Ascend Wellness Holdings, one of seven companies that opened the original dozen adult-use facilities on launch day seven weeks ago, attempted to open another retail store to adult customers earlier this week in Montclair Township, in North Jersey. In fact, the New York-based multistate operator let adult-use patrons inside its Montclair dispensary from 10 a.m.-1:30 p.m. on June 7, believing it had the green light to do so.

But less than four hours into serving adult-use customers at the location, township officials informed the company it was in violation of a zoning ordinance for the new clientele base—Ascend’s Montclair location is an existing medical cannabis retail operator—NJ Advance Media reported.

Ascend officials were under the impression that they had dotted the i’s and crossed the t’s on all their paperwork and had the final approval from state and local regulators to serve adult-use customers, Caitlin Fleishman, the company’s director of public affairs and communications, told the media outlet.

“We stopped adult-use sales at 1:30 p.m.,” Fleishman said. “The town said they will send code enforcement/police [if adult-use sales did not cease].”

On New Jersey’s Cannabis Regulatory Commission’s (CRC) website, Ascend’s Montclair location was still listed as a medical-only dispensary when this article was published June 10.

Beyond the original dispensaries that were approved to serve adults 21 and older for the state’s April 21 launch, CRC officials approved five additional dispensaries to make the adult-use retail transition at their May 24 meeting. A resolution for Ascend Wellness’ Montclair dispensary was one of the five approved on a 5-0 vote by the commission.

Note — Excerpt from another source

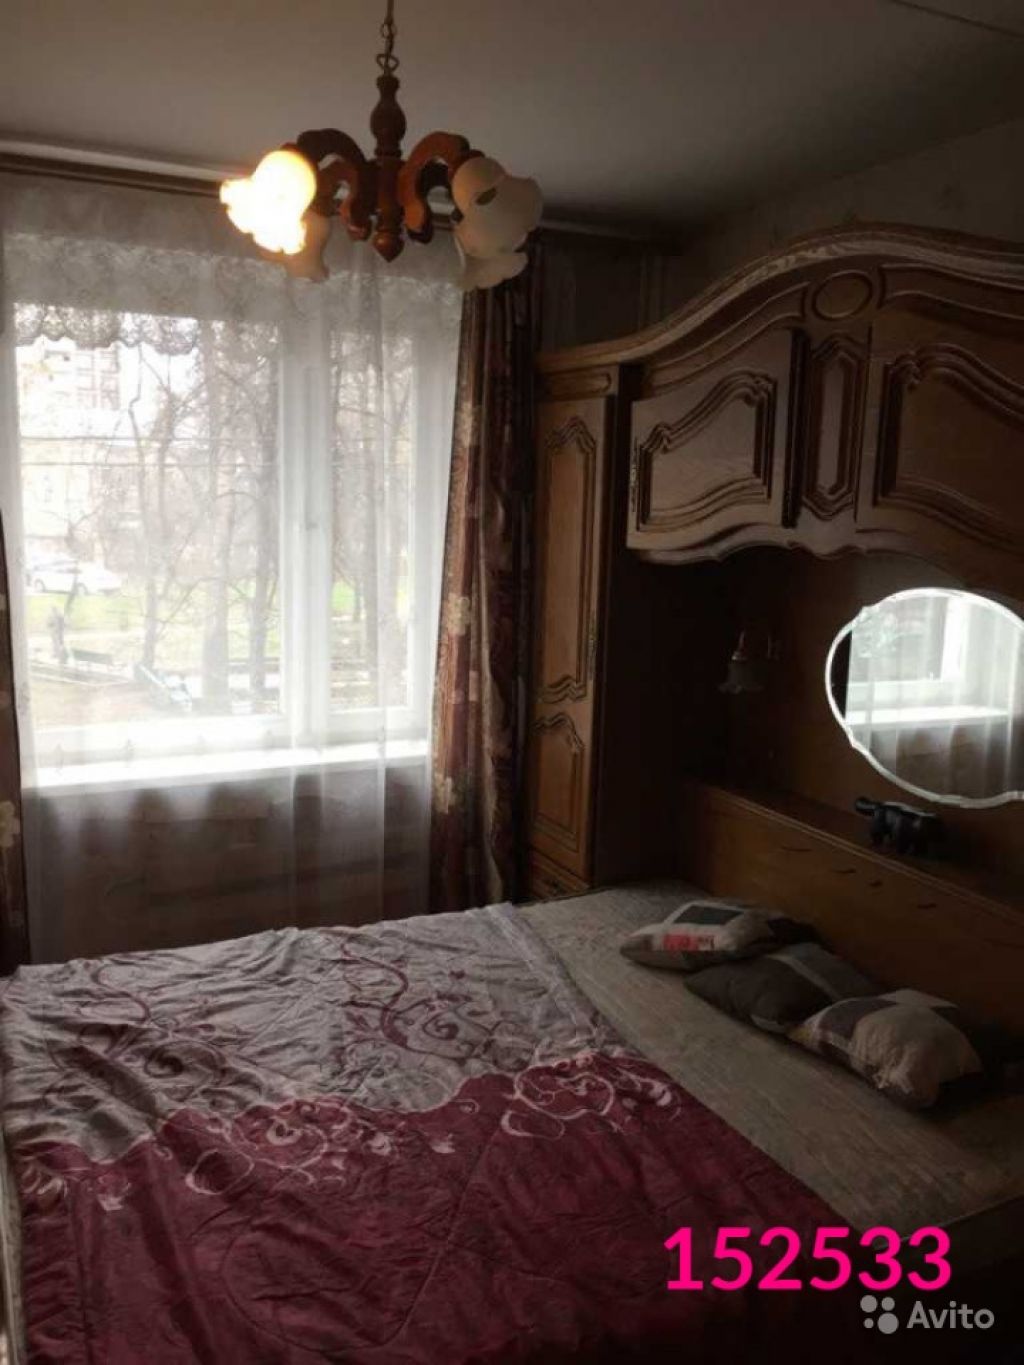 Сдам квартиру 3-к квартира 62 м² на 3 этаже 12-этажного панельного дома в Москве. Фото 1

But like other retail operators in the state, Ascend needs final approval at the local level.

Curaleaf was in a similar boat for its Edgewater Park Township dispensary in South Jersey, which was originally approved by CRC officials at the state level for the April 21 launch but was unable to participate on that opening day because it had not satisfied local land-use conditions beforehand.

RELATED: New Jersey Approved 13 Adult-Use Dispensaries; Only 12 Running

Those land-use conditions included a larger parking lot, drainage basins and additional lights before Curaleaf was allowed to welcome its expanded customer base.

In Montclair, Ascend submitted its conditional use permit application to local regulators June 6—the day before the premature sales launch—but that application remains outstanding.

“To be clear, Ascend is not permitted by law to sell adult-use cannabis unless and until its license application is deemed complete and is approved and unless and until it receives all required zoning approvals,” a Montclair Township official told NJ Advance Media in an email. “Since Ascend did not have the appropriate permits to sell adult-use cannabis, any such sales on June 7th were illegal. Ascend halted sales when notified that township officials may be dispatched to their facility.”

Ascend’s conditional use permit application won’t be heard by the township’s planning board until June 20 (its next meeting) at the earliest.

Approved resolutions by the township’s planning board typically are not memorialized before the board’s following meeting.